Beautiful, such lovely wood and work. :thumbsup:


----------



## Phaedrus (Jan 18, 2012)

Well done sir, well done. A month and a half is about what it takes me to build a recipe box!  

So tell the truth, does this make every other room in the house look like $^*%? :laughing:


----------



## Ryan4Custom (Mar 18, 2013)

hands made for wood said:


> We should be friends..... hahaha I can relate like you wouldn't believe! Single car garage, trying to do high end custom built ins, cabinetry, and trim. Then like you said, finishing is the biggest pain, cleaning all the dust, clearing half the shop so you can set up some poly before you get to spraying. I feel your pain man... I would love to chat with you sometime! Take care, Levi


Yeah man that's what I thought, where are you living? I cant even really call my shop a shop. I'm looking for a space right now or possibly a home to by with add on potential. I can't keep doing the big stuff in this shop its nerve racking and well flat out slow. I do a lot of work for an interior design firm, she got the project and did deck out the other main rooms of the house. 

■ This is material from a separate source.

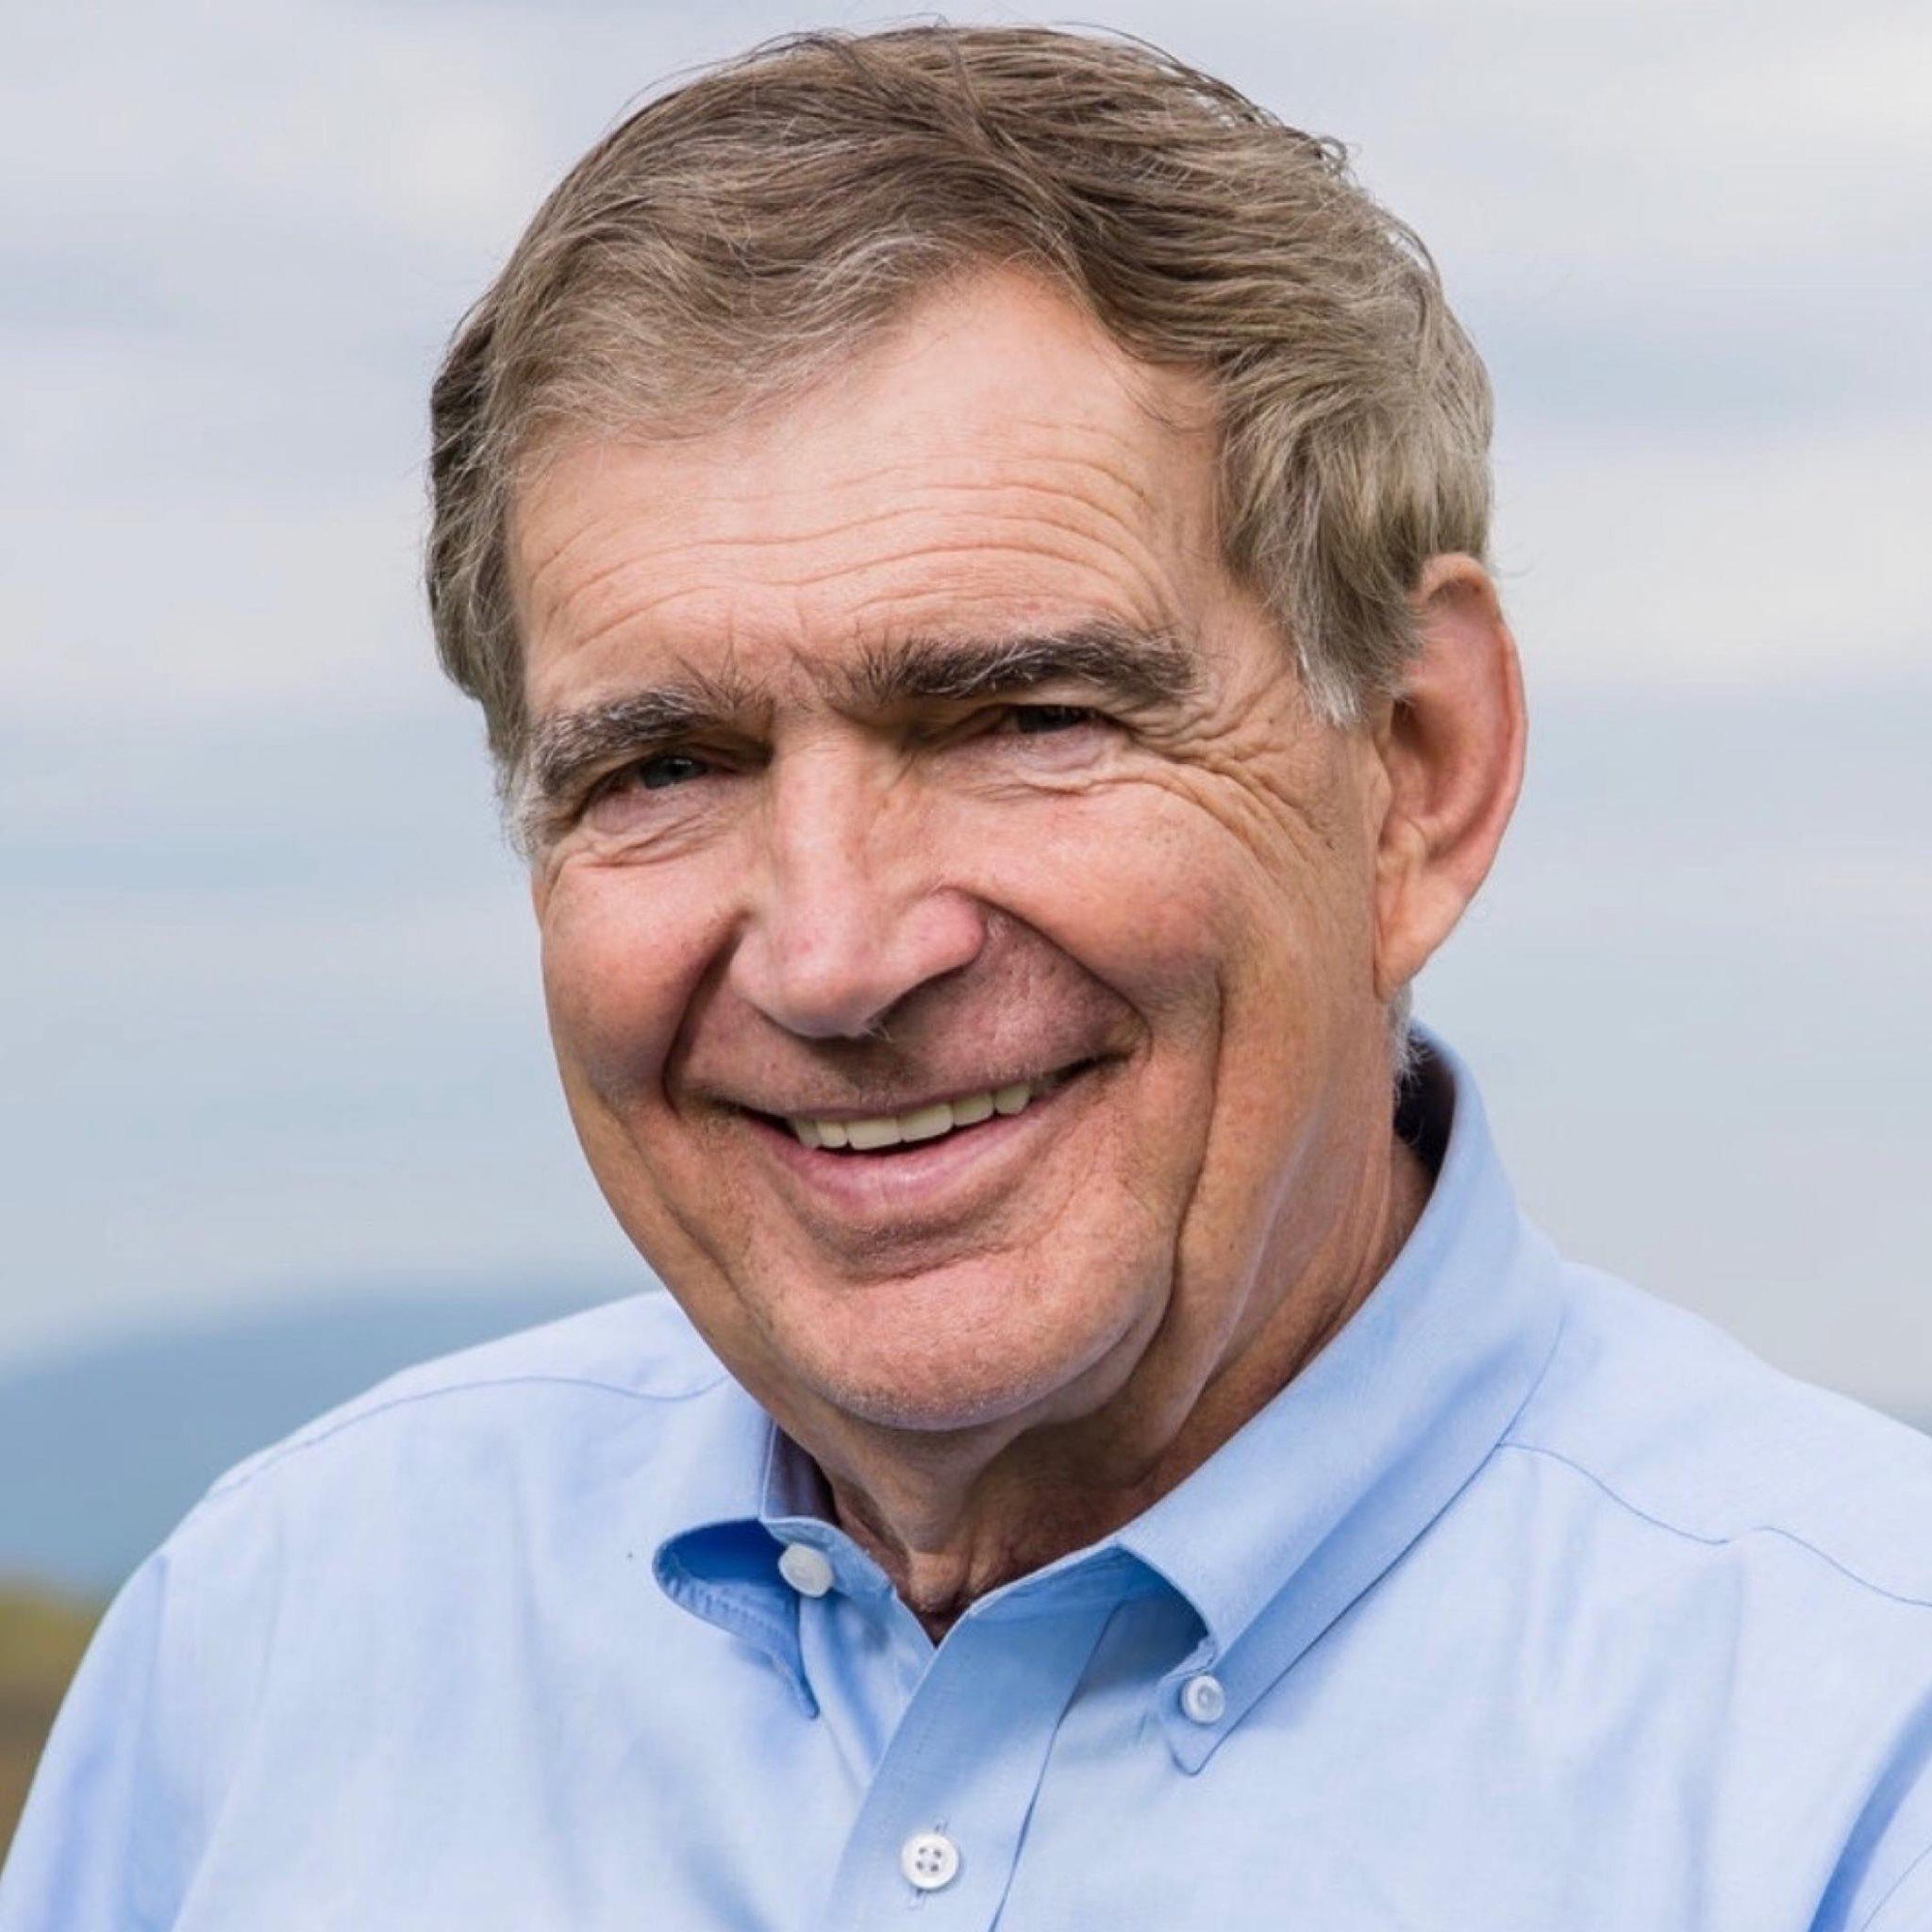 Emmett Hanger, State Senator, Virginia

Check it out though! The Homeowners approved me for trimming out the elevator in the same house (yes there is an elevator in the house) with the same trim as the study! 
AAAAAAAAAnd they want me to construct a ladder for the study that is no doubt solid walnut! I think I'll put some really cool brass accents at the side of each tread or something cool like that? Any ideas?


Ryan


----------



## Ryan4Custom (Mar 18, 2013)

hands made for wood said:


> We should be friends..... hahaha I can relate like you wouldn't believe! Single car garage, trying to do high end custom built ins, cabinetry, and trim. Then like you said, finishing is the biggest pain, cleaning all the dust, clearing half the shop so you can set up some poly before you get to spraying. I feel your pain man... I would love to chat with you sometime! Take care, Levi


Hey also, check out my other threads! "It is Finished" , My Walnut Dining Room Table , Table transformation, I think i put a few more on this forum just remembered a few! 
Check them out when you get a chance. It's good stuff


----------



## Ryan4Custom (Mar 18, 2013)

Ryan4Custom said:


> Hey also, check out my other threads! "It is Finished" , My Walnut Dining Room Table , Table transformation, I think i put a few more on this forum just remembered a few! Check them out when you get a chance. It's good stuff


Hello all, I've been working on the ladder for the library. Now I'm sure everyone thinks of a ladder with a guide rail at the top and wheels at the bottom for a library. This is not the case as I did not ever design this project with that style ladder in mind but here is what I came up with.


----------



## Tom King (Nov 22, 2013)

A tip of the hat!! Really nice work.


----------